# Infant and toddler transfers and Rhinestones



## Yolonda (Sep 26, 2013)

Hello I am in need of some nice infant transfers and some rhinestone transfers. I'm looking for modern big brother and sister quotes, little brother and sister quote transfers. I also need quality and fire safe shirts, onesies, and drawstring gowns. I also need transfers for multiple births.


----------



## best26102 (Sep 29, 2013)

you can e-mail us and we can work with you


----------



## BML Builder (Jul 8, 2008)

I don't know about doing rhinestones on toddler or infant clothes with all the restrictions of lead on children's clothing. Plus I would stay away from anything that would be scratchy against the skin of a small child. While I agree that some designs would be really cute on children, I'm just not sure the risks are worth the reward.


----------



## headfirst (Jun 29, 2011)

Run away! There are *no CPSIA compliant* rhinestones. 

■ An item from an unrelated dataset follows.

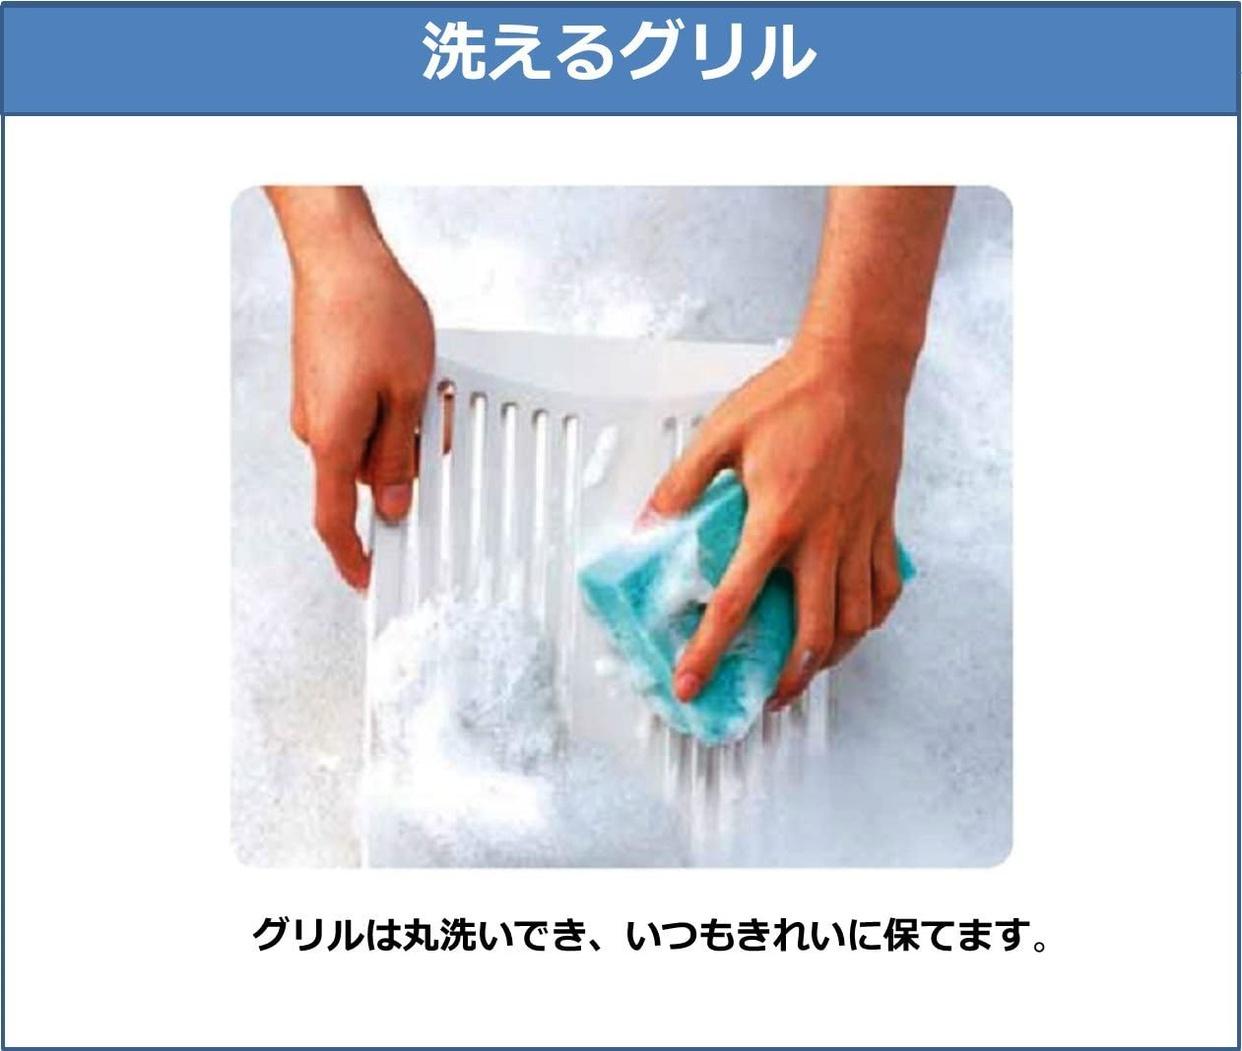 KOIZUMI(コイズミ) ルームエアコン KAW-1602/Wの商品画像4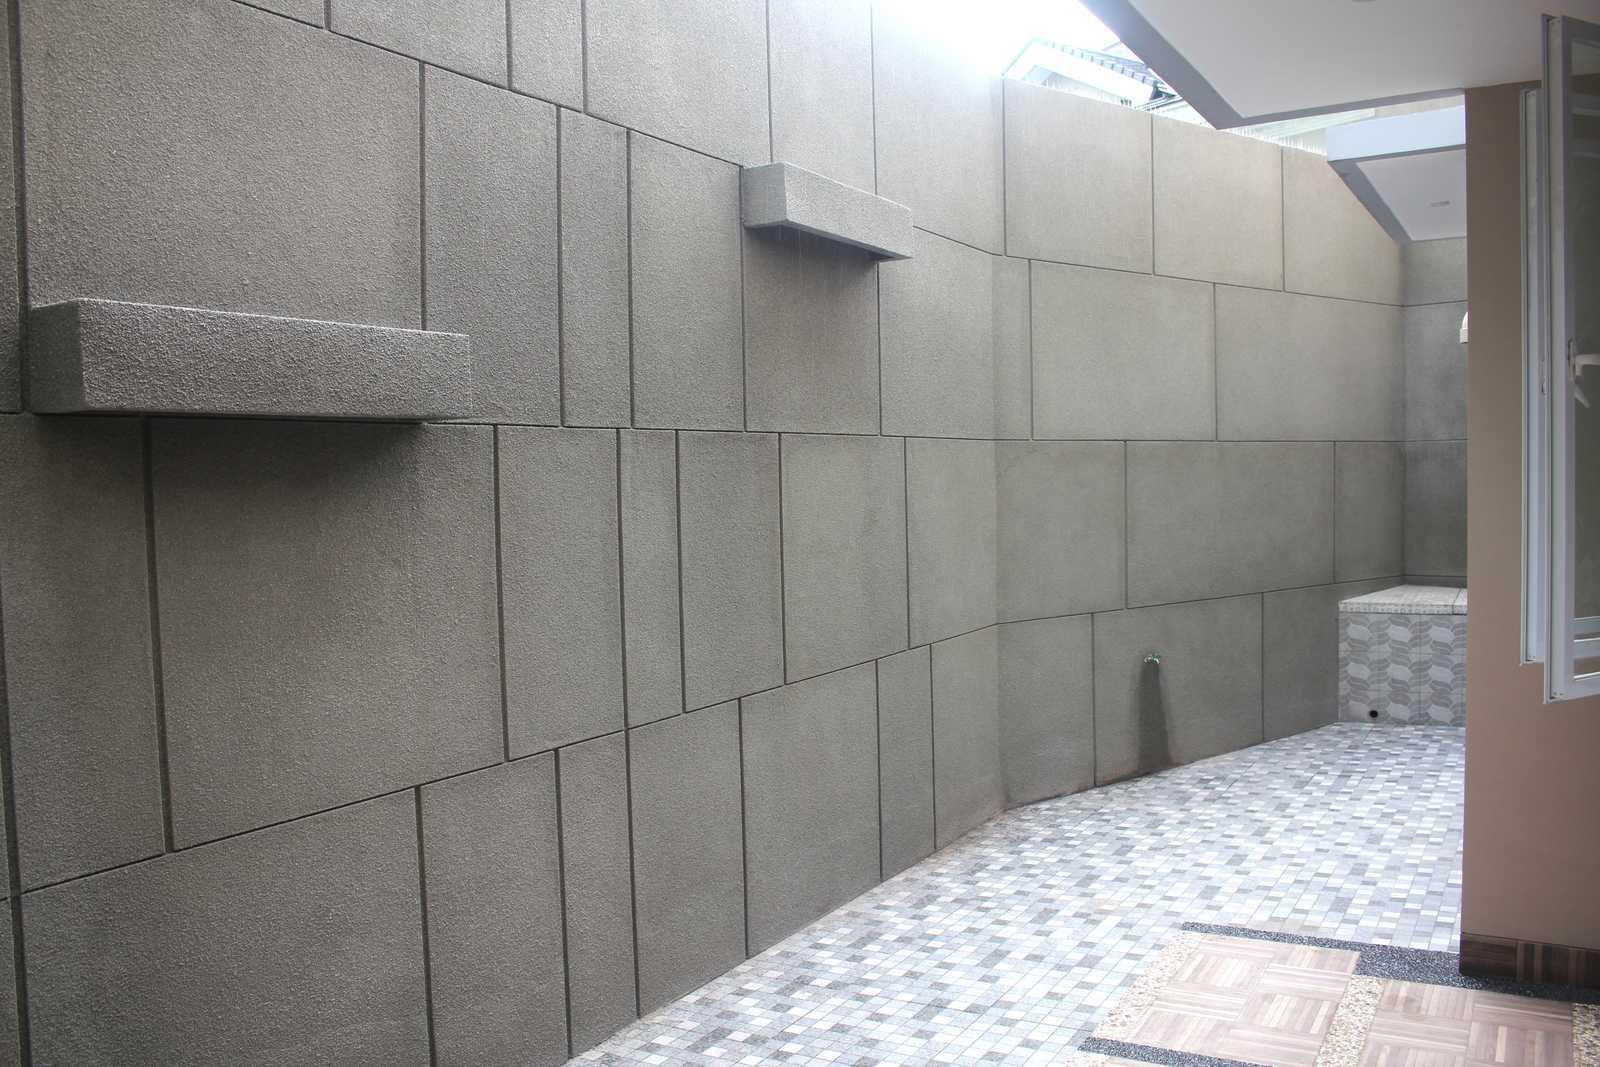 X3M Architects Beringin Golf Residence Jl. Cendana Golf No.2, Bencongan, Klp. Dua, Tangerang, Banten 15810, Indonesia Jl. Cendana Golf No.2, Bencongan, Klp. Dua, Tangerang, Banten 15810, Indonesia Img3166   34175

Can you use a different material for it instead of rhinestones?


----------



## hbapparel (Jan 16, 2012)

Rhinestuds


----------



## shayne0307 (May 18, 2011)

Is it the actual stone(s) that contains the lead? or is it the glue? I was under the impression that it is the glue, so if you get regular rhinestones; not hotfix, where you have to use glue to apply it was okay; of course that depends on the glue you are using....
None-the-less, I agree, while these designs may look very cute, I do not recommend using them on infant/toddlers clothing


----------



## MarStephenson761 (Sep 19, 2011)

Hi Yolanda,

You should consider getting a Spangle transfer done instead of stones or studs. Spangles are like a hotfix sequin, but with no holes, so they look much better. AND come in holographic.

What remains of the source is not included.